Autumn revisited

16/11/2016 After last year’s wondering about whether autumn was hopeful, this year I decided to anticipate my reluctance at the change of seasons and try to embrace the autumn spirit in advance of its arrival. Towards the end of August I bought a newly published book, Autumn: An anthology for the changing seasons (edited by Melissa Harrison). Even admitting to myself before the end of summer that it would arrive was a big step forward for me, but I had been encouraged by a little surprise not long before: I had caught in myself a moment of rising excitement when I noticed just a hint of autumn on its way - I don’t remember whether it was a sight, smell, sound or feeling, but the reaction was instinctive and unexpected.

The book, though I found it lacking in certain anthological respects, did a good job. Its beautiful cover design alone provided a direct line to autumn’s wonders, and I started actively to look forward to the season and to let summer go. By the time I reached the end of the book, my ambition for this year was clear - to learn to feel the way George Eliot did about autumn:

‘Is not this a true autumn day? Just the still melancholy that I love - that makes life and nature harmonise. The birds are consulting about their migrations, the trees are putting on the hectic or the pallid hues of decay, and begin to strew the ground, that one’s very footsteps may not disturb the repose of earth and air, while they give us a scent that is a perfect anodyne to the restless spirit. Delicious autumn! My very soul is wedded to it, and if I were a bird I would fly about the earth seeking the successive autumns.’
(Extract from a letter to Miss Lewis, 1st October 1841)

On the plane home at the beginning of October after a few days in Spain, I was reading South Facing Slope, a collection of articles written for Country Life magazine by Carla Carlisle, one of the owners of Wyken Vineyards in Stanton, north Suffolk. It was an opportune time to happen upon her recollection of a 12-year-old friend’s expression of doubt, in a school English assignment, over the opinion that autumn was a decline. The reaction of the teacher reading her work was not complimentary; a demonstration, in my opinion, of the teacher’s lack of imagination, not the pupil’s. This was followed by Carla’s own corroborating adult view that autumn was a beginning, not an ending. Seeing this from her uncommon perspective of wine making, it is not a stretch to consider the harvesting of grapes as the start of the wine-making year.

Even without wine making in my calendar, it does feel like a beginning in some ways. The time to become more quietly industrious after the excitement of summer, and to feel I am in with at least a slim chance of catching up with the garden before it goes wild again in spring. And, for that matter, with the house, while substantially more hours a week can comfortably, even preferably, be spent indoors.

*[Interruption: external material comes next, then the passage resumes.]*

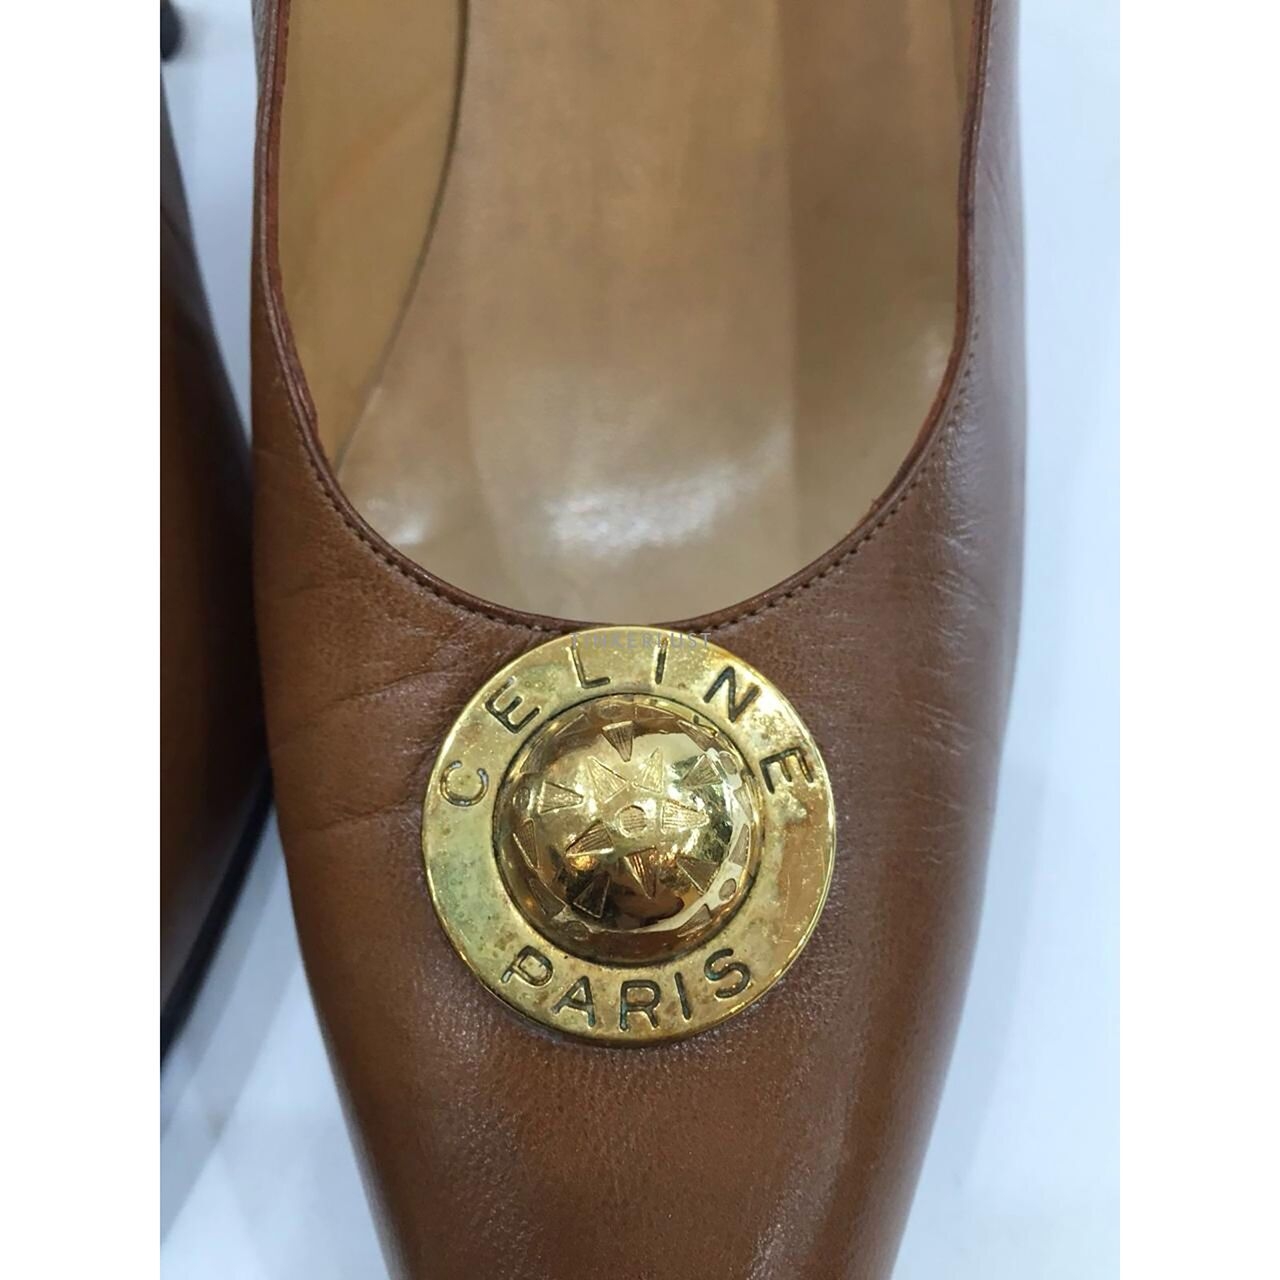 Celine Vintage Brown Tan Leather Shoes GHW Heels
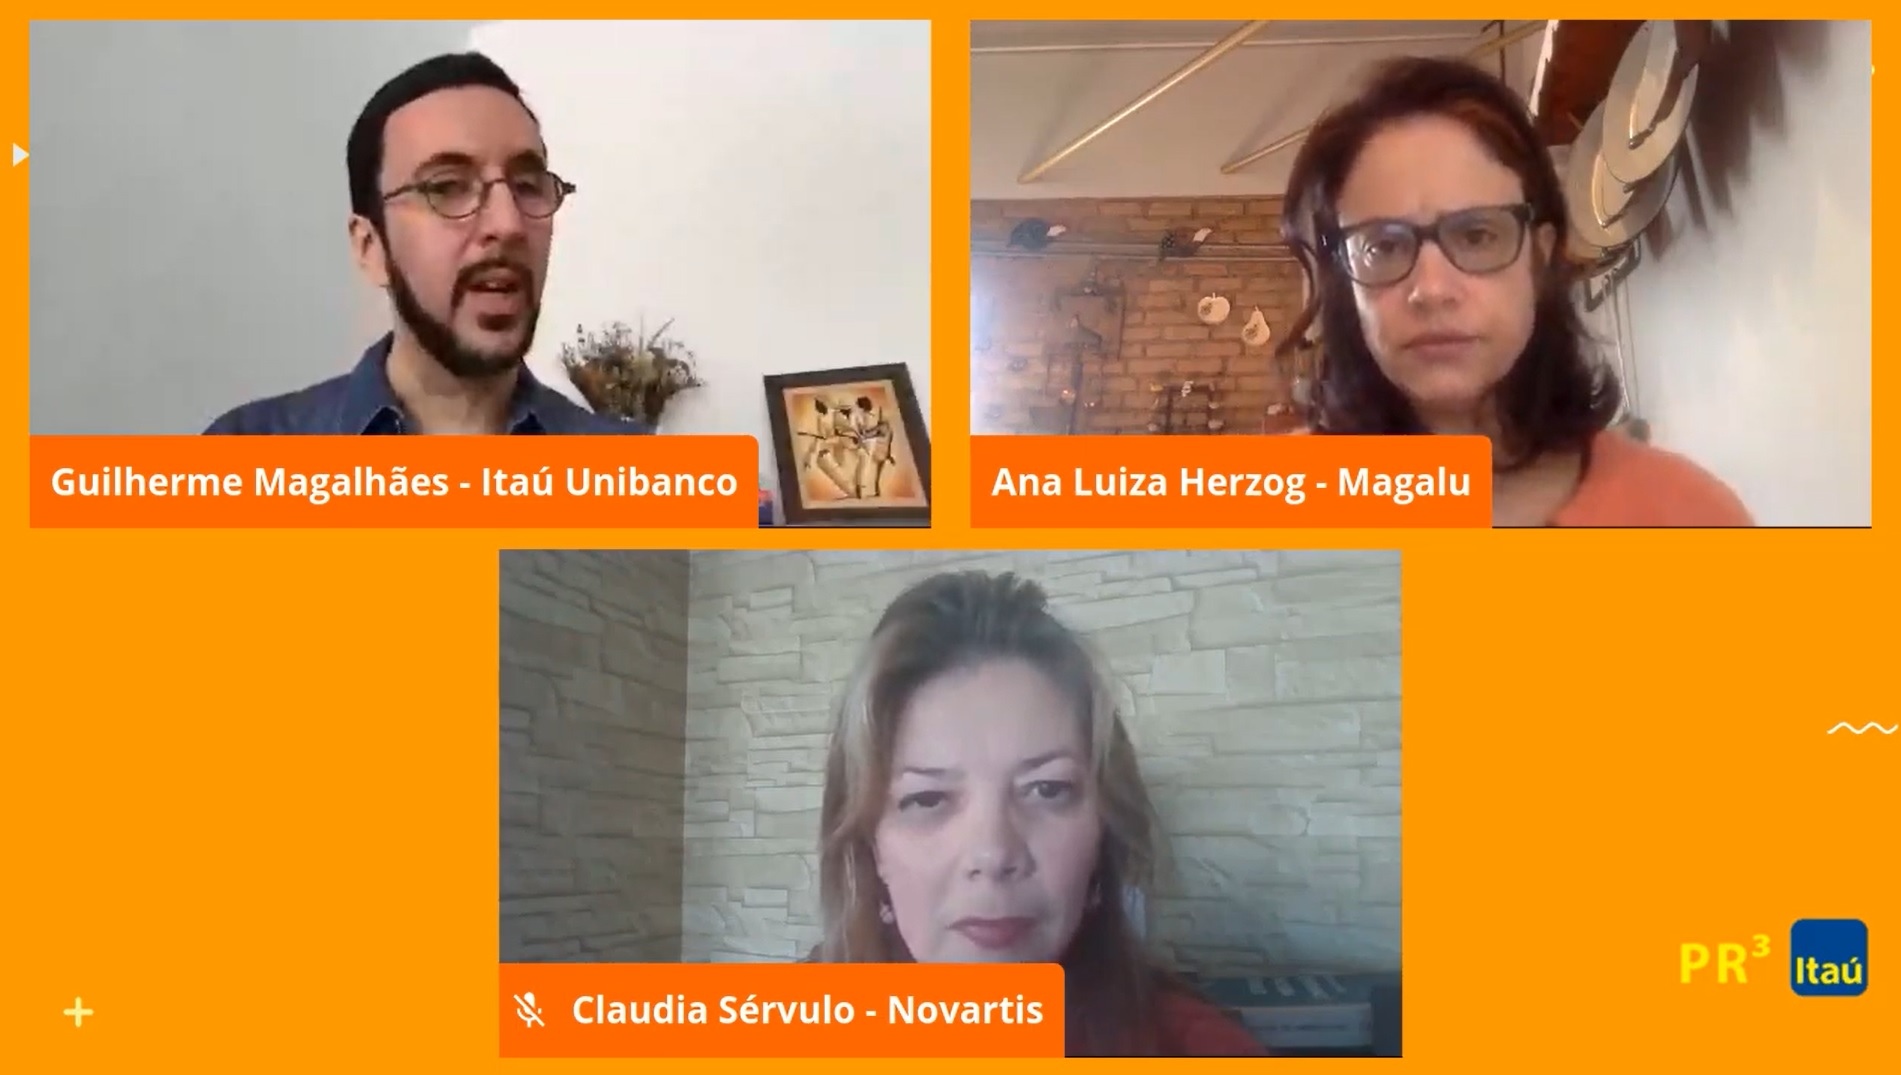 Especialistas em comunicação do Itaú, Magalu e Novartis falam sobre comunicação em tempos de pandemia

Stepping off the plane into the mild and bright October morning was the perfect moment to make my reacquaintance with autumn. I had left behind late summer just a few days before, and returned to a new season: it was the smell and the light that defined it, more than the temperature. On my way home via a scenic route chosen spontaneously to celebrate the beauty of the day, I was surprised by a swallow. A wild flutter of joy - then yearning - then letting go… until April. Farewell, little bird who flies about the earth seeking successive springs.